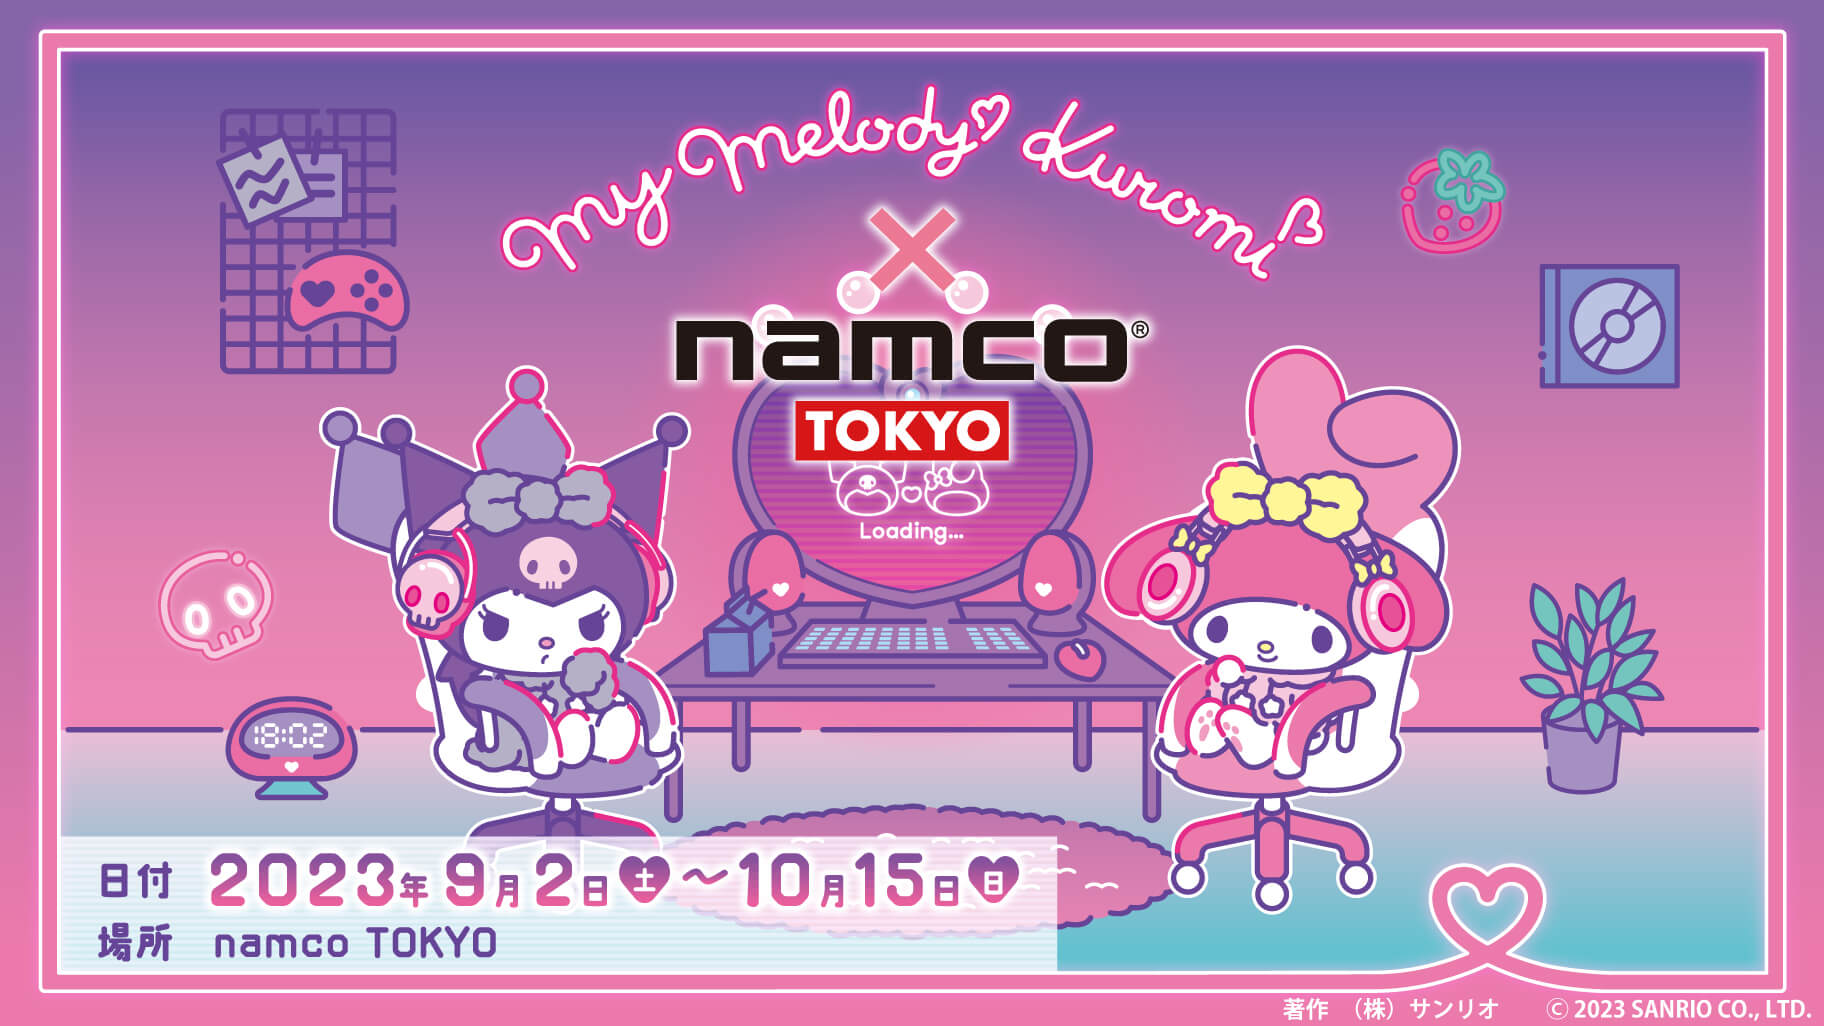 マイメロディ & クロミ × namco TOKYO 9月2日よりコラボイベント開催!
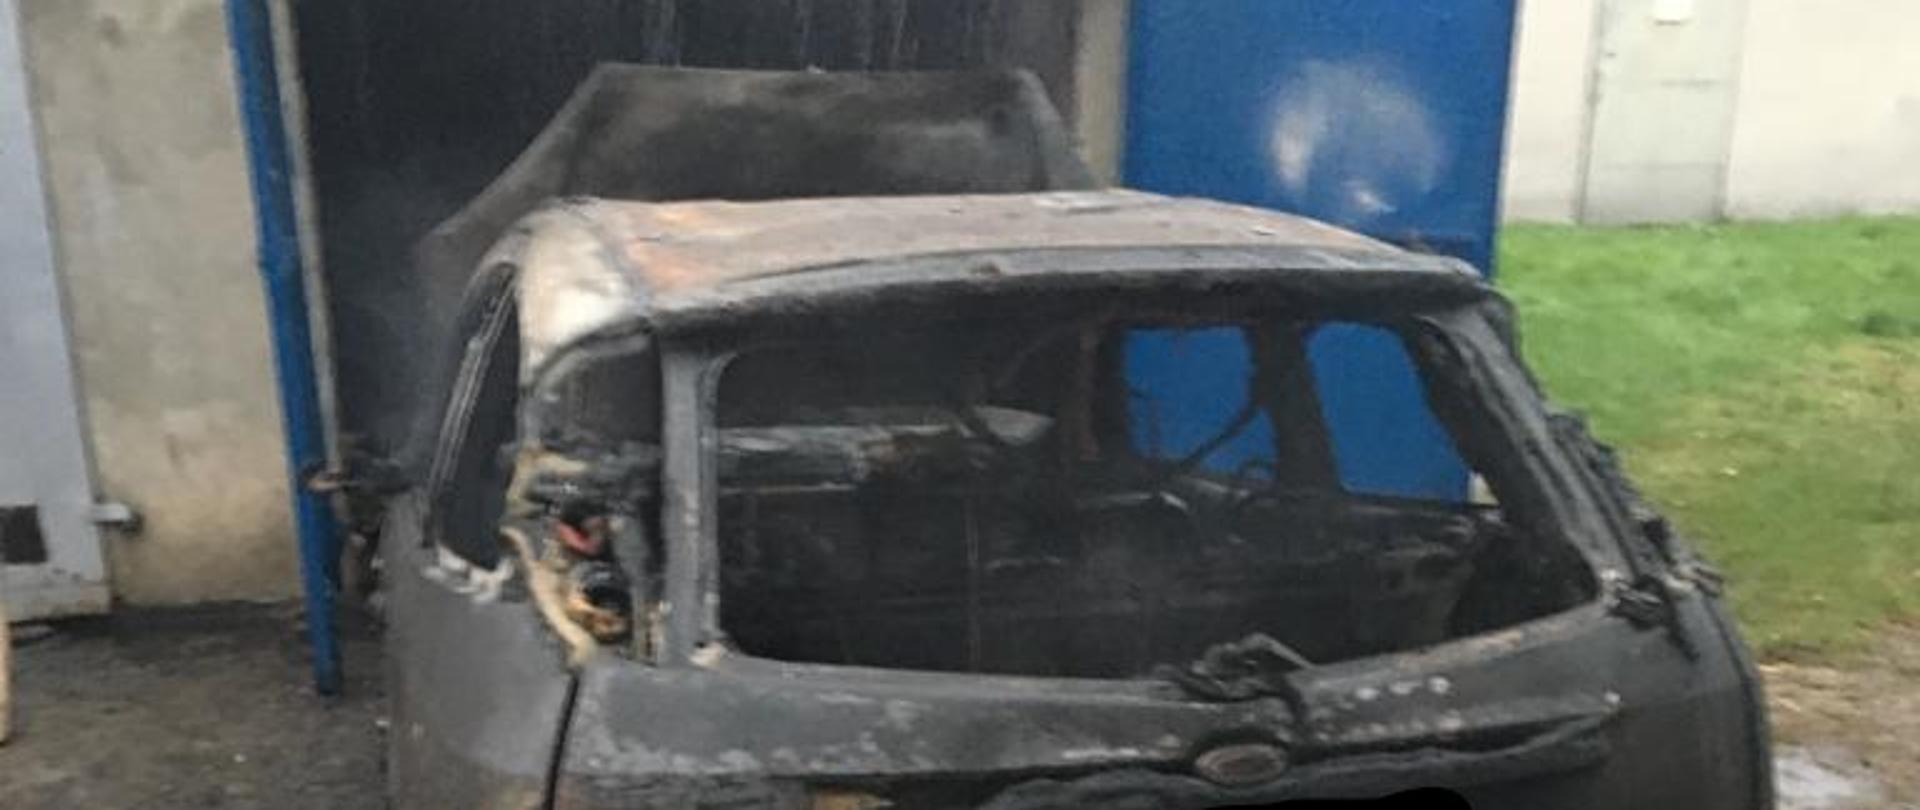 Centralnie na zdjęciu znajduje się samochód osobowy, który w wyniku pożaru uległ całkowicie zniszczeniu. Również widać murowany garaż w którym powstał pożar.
--
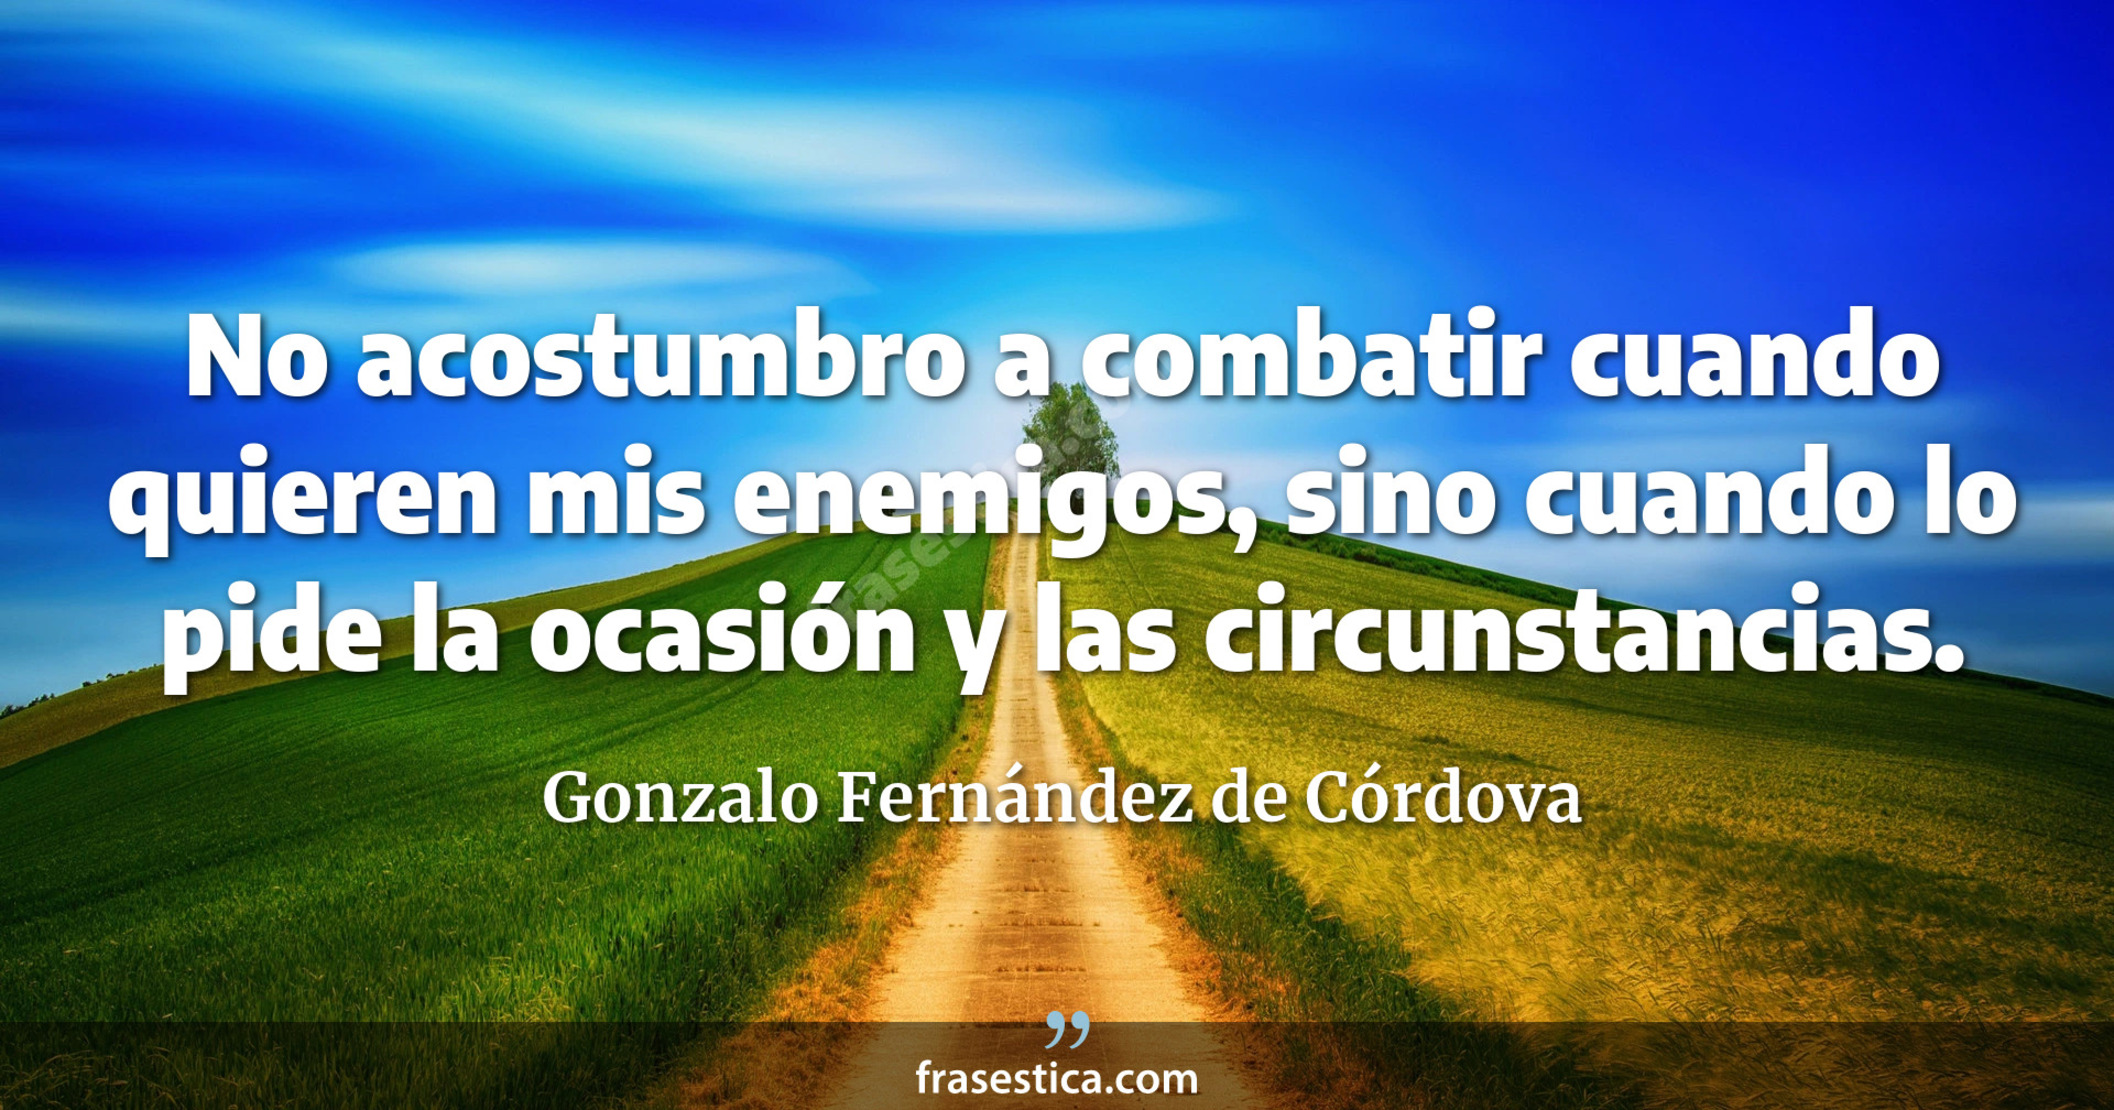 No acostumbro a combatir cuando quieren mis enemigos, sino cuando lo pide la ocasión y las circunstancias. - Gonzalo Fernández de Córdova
==
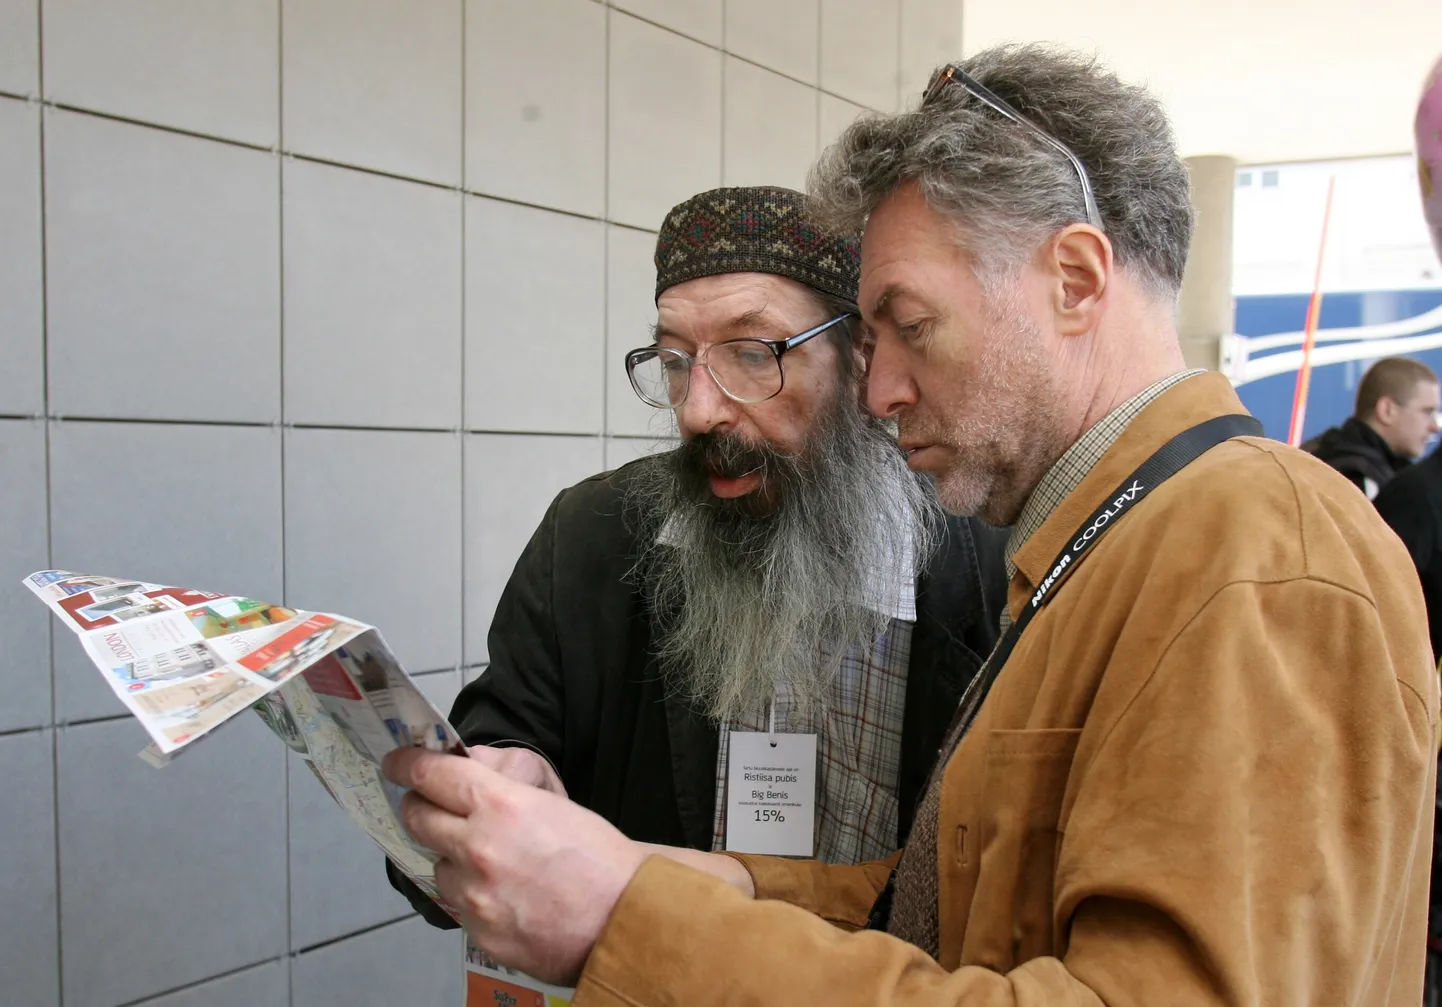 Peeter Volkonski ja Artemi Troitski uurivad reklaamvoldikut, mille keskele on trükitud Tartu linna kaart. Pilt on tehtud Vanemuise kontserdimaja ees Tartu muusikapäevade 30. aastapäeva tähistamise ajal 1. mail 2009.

EXERCISE » Starting at the line containing "マイメロディ & クロミ × namco TOKYO 9月2日よりコラボイベント開催!" and stopping at the line containing "Centralnie na zdjęciu", output each line exactly as it appears above. Leave out the pictures.

SOLVED EXERCISE »
 マイメロディ & クロミ × namco TOKYO 9月2日よりコラボイベント開催!
 Centralnie na zdjęciu znajduje się samochód osobowy, który w wyniku pożaru uległ całkowicie zniszczeniu. Również widać murowany garaż w którym powstał pożar.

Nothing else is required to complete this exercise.